John Pownall Reeves's The Lone Flag: Memoir of the British Consul in Macao during World War II is thus a valuable addition to Asian and Portuguese historiography. It provides a priceless insight into wartime diplomacy in a neutral colonial possession. Initially written in 1946, the Foreign Office refused to permit the publication of Reeves's wartime memoir because publication would violate government policy. Publication in 1946 would not have simply violated Foreign Office policy but also would have brought unwanted attention to Britain's role in the Pearl River Delta as it tried to reassert its authority in Hong Kong in the face of Chinese Nationalist demands for its reversion, demands supported by the United States. Its publication would have also complicated Anglo-Portuguese relations as the United States was then demanding for Portugal to turn over various Axis assets in its possession against British advice.

The Royal Asiatic Society has done historians a great service by finding and publishing the memoir in a compact monograph that contains an excellent biographical essay by David Calthorpe, which provides much of the necessary background and biographical information about Reeves. Calthorpe's essay gives a human face to the narrator and makes Reeves's memoirs all the more engaging. The book is further enhanced by the reprinting of newspaper articles from the immediate postwar period that give further evidence of Reeves's importance in wartime Macao.

By early 1942, the British consulate in Macao was the only British diplomatic post between India and Australia. The war gave Macao a significance it had not held since Hong Kong was established and would never hold again. Portugal's neutrality in the Second World War required complex political and diplomatic maneuvering that necessitated ever-changing policies as the war progressed. Nowhere was the maneuvering more difficult than in Macao, surrounded as it was by Japanese-occupied territory with no hope of liberation for the duration of the war. Indeed, the creation of a consul in Macao was the direct result of the Sino-Japanese War, which had seen many British consuls in China displaced and many more British nationals turned into refugees.

The refugees were Reeves's main concern during the Pacific War. As the British consul, Reeves was responsible for the welfare of British, Dominion, and colonial subjects who found their way to Macao, often without even the clothes on their backs. Reeves was also responsible for many third country nationals whose claims to British protection were dubious at best. The consulate took on responsibility for aiding the huge number of Chinese displaced by the Sino-Japanese War.

The book also reveals that even when in a neutral colony surrounded by enemy troops, a British foreign service officer supported the war effort. This support involved assisting Allied servicemen who had escaped while ensuring that neutral and Allied assets, especially shipping assets, were not seized or sold to the Axis forces. This involved devious and duplicitous methods, which make for an engaging and entertaining read and reveal how perilous Reeves's position was in Macao.

As a micro-history, The Lone Flag is an excellent work for undergraduate and graduate students. It will serve general military, British, diplomatic, and Asian historians very well.
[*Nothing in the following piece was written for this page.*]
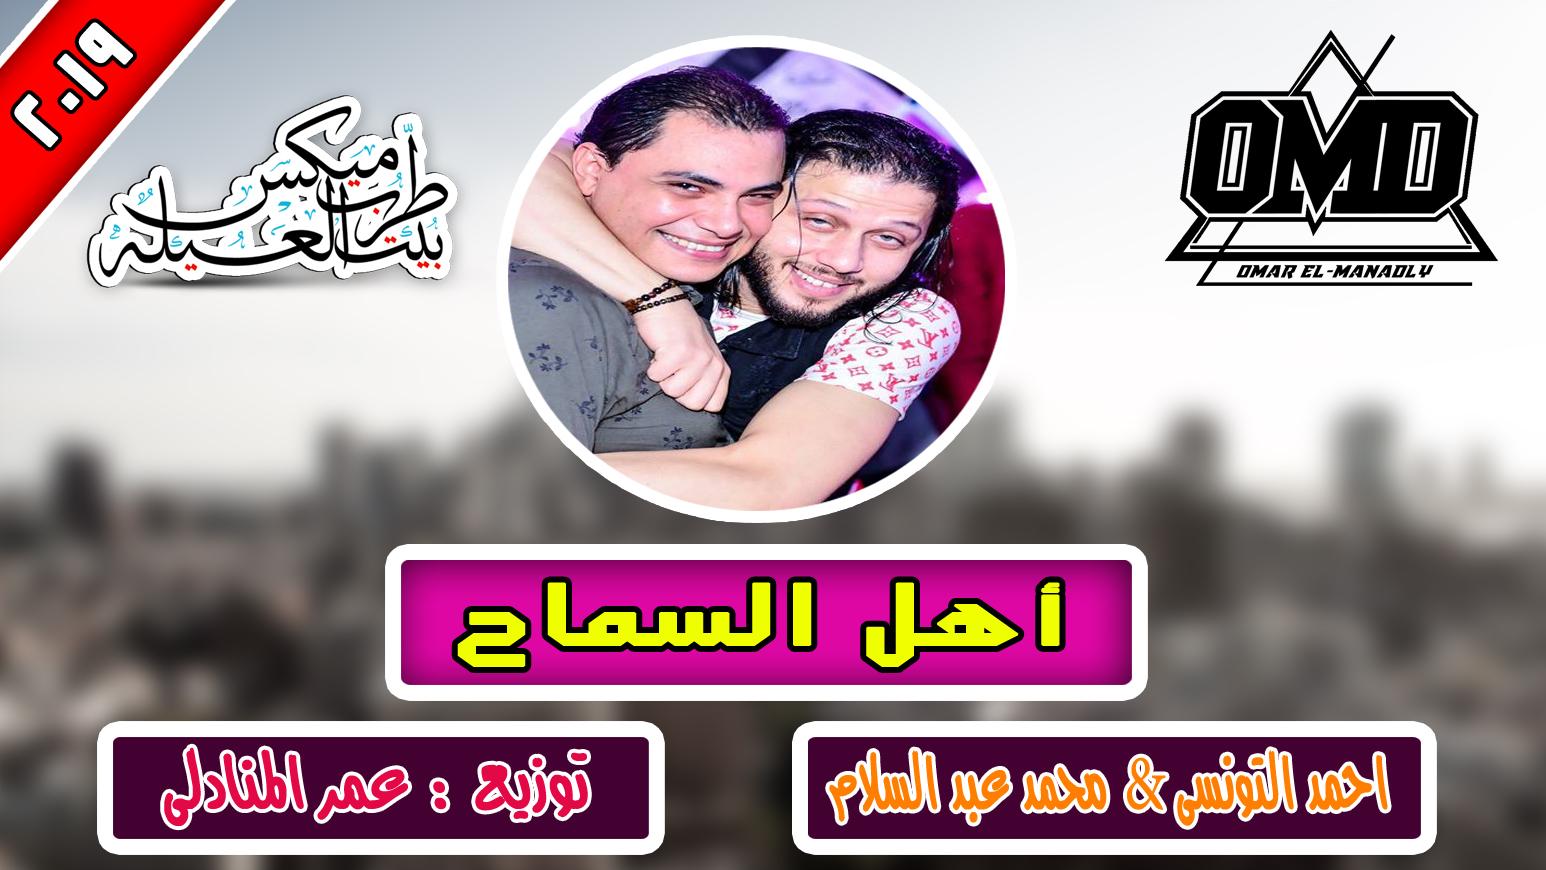 حصريا اغنية اهل السماح 2019 - احمد التونسى ومحمد عبد السلام توزيع درامز عمر المنادلى

The Royal Asiatic Society is to be congratulated for publishing such a valuable primary source and making it available to the wide audience it deserves. The Lone Flag highlights that the Second World War was truly a global war that seriously affected places as obscure as a Portuguese colonial backwater. However, The Lone Flag is more than a war memoir that explains the wartime tasks of an isolated foreign service officer. It also provides vivid insight into daily life in a neutral but isolated colonial outpost. The vignettes of a British official chasing and being chased by Japanese officials who were also enjoying Portuguese neutrality and the constant concern about food make clear the suffering the Second World War brought even to the neutrals.